Also focus on your delts + traps a bit more IMO, the first picture you posted they seem underdeveloped.


----------



## JohhnyC (Mar 16, 2015)

Don't get hung up on %ages. Its what you look like that is the deciding factor

No question: cut, you will look better

3400cals is too much. Use a TDEE for a starting guide


----------



## dbol Kid (Apr 13, 2013)

Deffo cut, try and get lowish bf% so you have visable abs and then slowly bulk up, aiming for 1lb per week gains.

If you bulk too quick your going to put on too much fat again


----------



## JohhnyC (Mar 16, 2015)

Sparkey said:


> 25 - 30+
> 
> Check here if you have a fabric tape measure.
> 
> https://www.fitmatic.com/c/calculators


 seems good, mine came out at 11 - 12% which I'd say is about correct. .....Or 25% for BMI


----------



## 66983 (May 30, 2016)

JohhnyC said:


> seems good, mine came out at 11 - 12% which I'd say is about correct. .....Or 25% for BMI


 I found it the best of all the online ones.


----------



## c4nsy (Aug 23, 2012)

Lifesizepenguin said:


> Youve deffo put a very small amount of muscle on, but its hidden with fat.
> 
> Looks like you were:
> 
> ...


 Cheers ill take it on board. What sort of routine would be best for when im cutting? Up the reps? Im guessing rather than low reps, or just mix it up?


----------



## JohhnyC (Mar 16, 2015)

Sparkey said:


> I found it the best of all the online ones.


 Confirming what I suspected. I need a 31in waist to get to below 10% bf. Good to have a simple target


----------



## c4nsy (Aug 23, 2012)

JohhnyC said:


> Don't get hung up on %ages. Its what you look like that is the deciding factor
> 
> No question: cut, you will look better
> 
> 3400cals is too much. Use a TDEE for a starting guide


 I used the tdee guide and it come back at 3200 i only upped it once i wasnt gaining anymore. Im a bricky by trade so i put that i was active (supposedly) and thats what it came back as.


----------



## JohhnyC (Mar 16, 2015)

c4nsy said:


> I used the tdee guide and it come back at 3200 i only upped it once i wasnt gaining anymore. Im a bricky by trade so i put that i was active (supposedly) and thats what it came back as.


 ah ok, its just a guide of course.

The real test is that you got fat so you need to reduce the cals despite what the TDEE says. It overestimates it for me by about 300 cals


----------



## c4nsy (Aug 23, 2012)

JohhnyC said:


> ah ok, its just a guide of course.
> 
> The real test is that you got fat so you need to reduce the cals despite what the TDEE says.
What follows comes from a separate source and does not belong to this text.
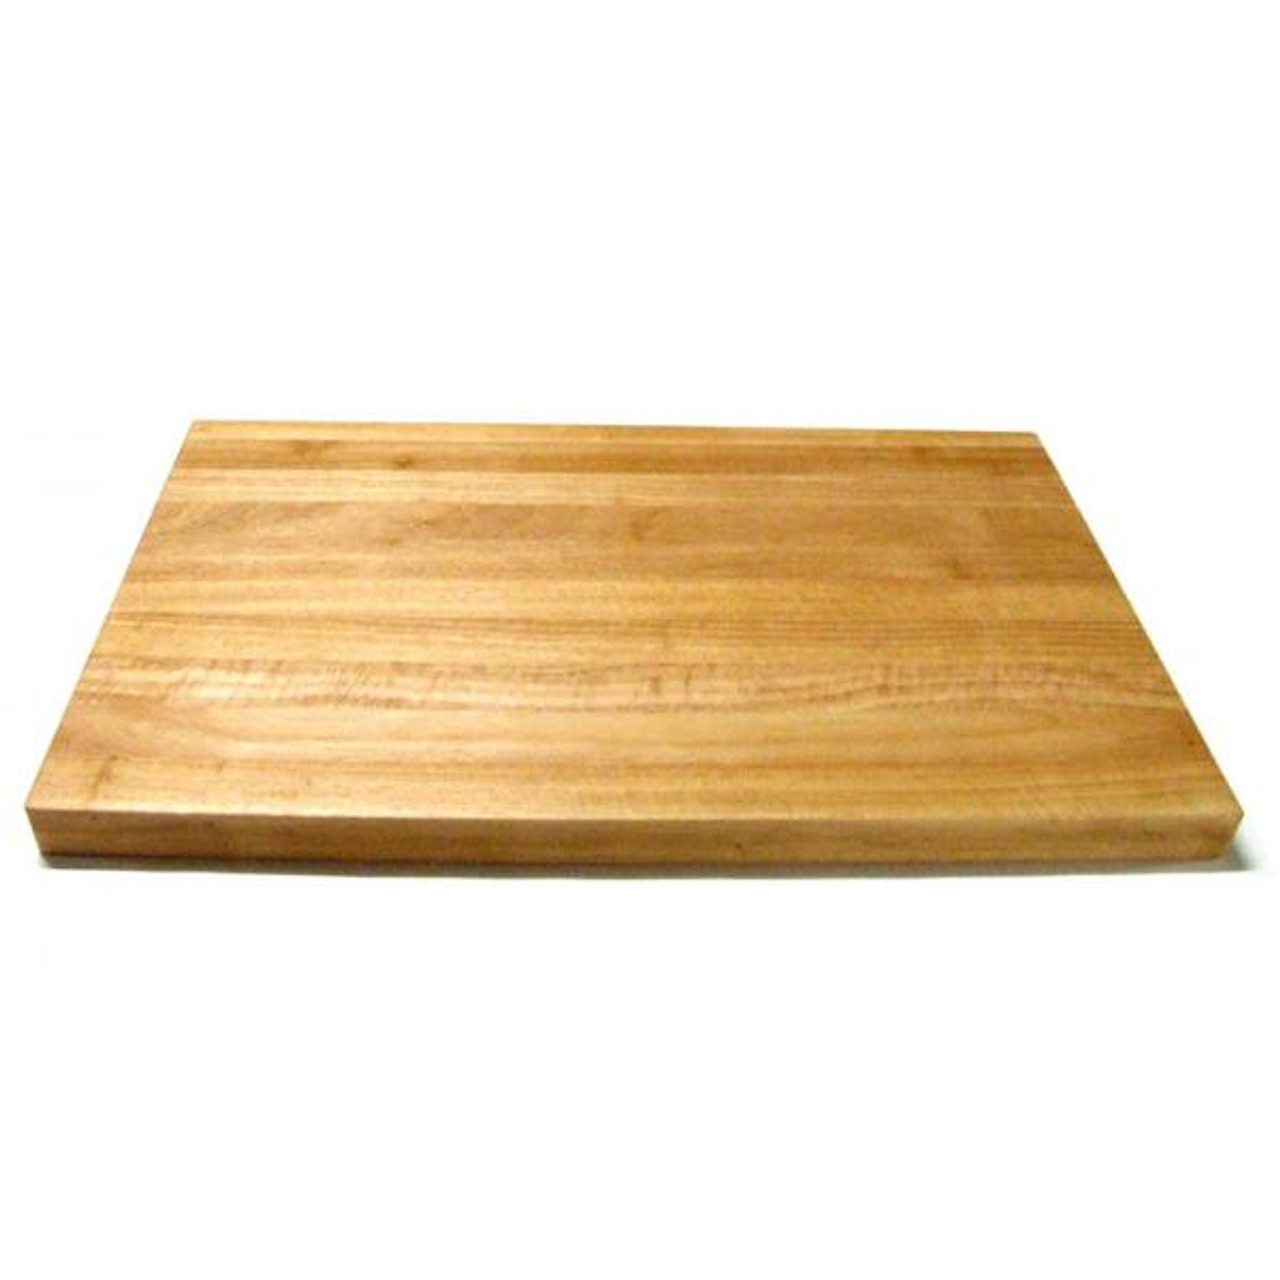 Rustic Cutting Board Old Style Board Strong Vintage Chopping -  Israel

It overestimates it for me by about 300 cals


 Ha ha cheers pal ill keep that in mind


----------



## Mully (Jul 1, 2016)

Sparkey said:


> 25 - 30+
> 
> Check here if you have a fabric tape measure.
> 
> https://www.fitmatic.com/c/calculators


 32% here. so shocked I almost spat my mcdonalds out


----------



## DLTBB (Jan 26, 2015)

You've gained a decent amount of strength across your main lifts so no doubt there will have been some muscle gained. A good amount of fat was gained in the process judging from the pictures. If I was you I would do a short, intense cut and aim to get as lean (or leaner) as you were in the before picture and then concentrate on bulking again. Only next time keep a closer eye on your calorie intake and try to use a smaller surplus so you don't gain as much fat.


----------



## Ultrasonic (Jul 13, 2004)

I think it's worth bearing in mind the photos show total fat gain over a period of about 9 months. So although calories were too high overall I don't think they were too wildly wrong either.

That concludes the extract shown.